Linux-Kernel-Programming-Part-2/ch1/bad_miscdrv/bad_miscdrv.c:229:11: warning: assignment discards ‘const’ qualifier from pointer target type [-Wdiscarded-qualifiers]
  229 | new_dest = &current->cred->uid;
      |          ^

Here's the copy_from_user() code invocation:

[...]
+       dev_info(dev, "dest addr = " ADDRFMT "\n", (TYPECST)new_dest);
        ret = -EFAULT;
-       if (copy_from_user(kbuf, ubuf, count)) {
+       if (copy_from_user(new_dest, ubuf, count)) {
                dev_warn(dev, "copy_from_user() failed\n");
                goto out_cfu;
        }
[...]

Clearly, the preceding copy_to_user() routine will write the user-supplied buffer, ubuf, into the new_dest destination buffer – which, crucially, we have made point to current->cred->uid – for count bytes.

Let's get root now

Of course, the proof of the pudding is in the eating, yes? So, let's give our hack a spin; here, we assume that you've first unloaded any previous version of our 'misc' drivers, and built and loaded the bad_miscdrv kernel module into memory:

Figure 1.11 – Screenshot showing our bad_miscdrv misc driver performing a "bad" write, resulting in root – a privesc!

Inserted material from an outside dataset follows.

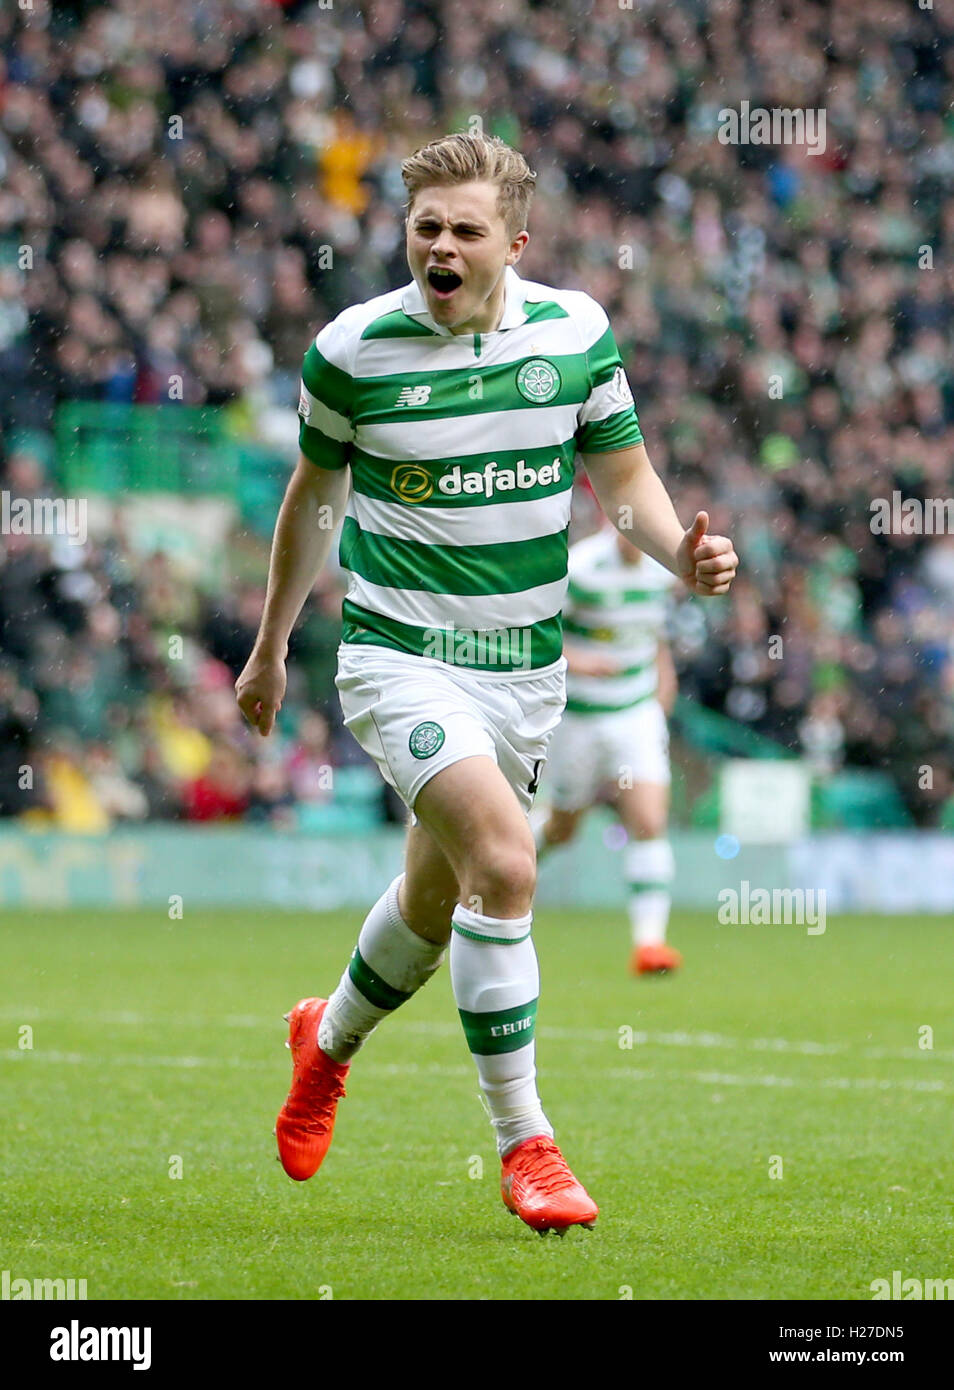 Celtic's James Forrest celebrates scoring his sides third goal of the match during the Ladbrokes Scottish Premiership match at Celtic Park, Glasgow. PRESS ASSOCIATION Photo. Picture date: Saturday September 24, 2016. See PA story SOCCER Celtic. Photo credit should read: Jane Barlow/PA Wire. Stock Photo

Check it out; we indeed got root! Our rdwr_test_hackit app, detecting that we do have root (via a simple getuid(2)system call), then does the logical thing: it execs a root shell (via an execl(3) API), and voilà, we land up in a root shell. We show the kernel log:

$ dmesg 
[ 63.847549] bad_miscdrv:bad_miscdrv_init(): LLKD 'bad' misc driver (major # 10) registered, minor# = 56
[ 63.848452] misc bad_miscdrv: A sample print via the dev_dbg(): (bad) driver initialized
[ 84.186882] bad_miscdrv:open_miscdrv_rdwr(): 000) rdwr_test_hacki :2765 | ...0 /* open_miscdrv_rdwr() */
[ 84.190521] misc bad_miscdrv: opening "bad_miscdrv" now; wrt open file: f_flags = 0x8001
[ 84.191557] bad_miscdrv:write_miscdrv_rdwr(): 000) rdwr_test_hacki :2765 | ...0 /* write_miscdrv_rdwr() */
[ 84.192358] misc bad_miscdrv: rdwr_test_hacki wants to write 4 bytes to (original) ubuf = 0x55648b8f36b0
[ 84.192971] misc bad_miscdrv: [current->cred=ffff9f67765c3b40]
[ 84.193392] misc bad_miscdrv: dest addr = ffff9f67765c3b44 count=4
[ 84.193803] misc bad_miscdrv: 4 bytes written, returning... (stats: tx=0, rx=4)
[ 89.002675] bad_miscdrv:close_miscdrv_rdwr(): 000) [sh]:2765 | ...0 /* close_miscdrv_rdwr() */
[ 89.005992] misc bad_miscdrv: filename: "bad_miscdrv"
$

You can see how it's worked: the original user-mode buffer ubuf kernel virtual address is 0x55648b8f36b0. In the hack, we modify it to the new destination address (kernel virtual address), 0xffff9f67765c3b44, which is (in this case) the kernel virtual address of the UID member of struct cred (within the process's task structure). Not only that, but our driver also modifies the number of bytes to write (count) to 4 (bytes), as we're updating a 32-bit quantity.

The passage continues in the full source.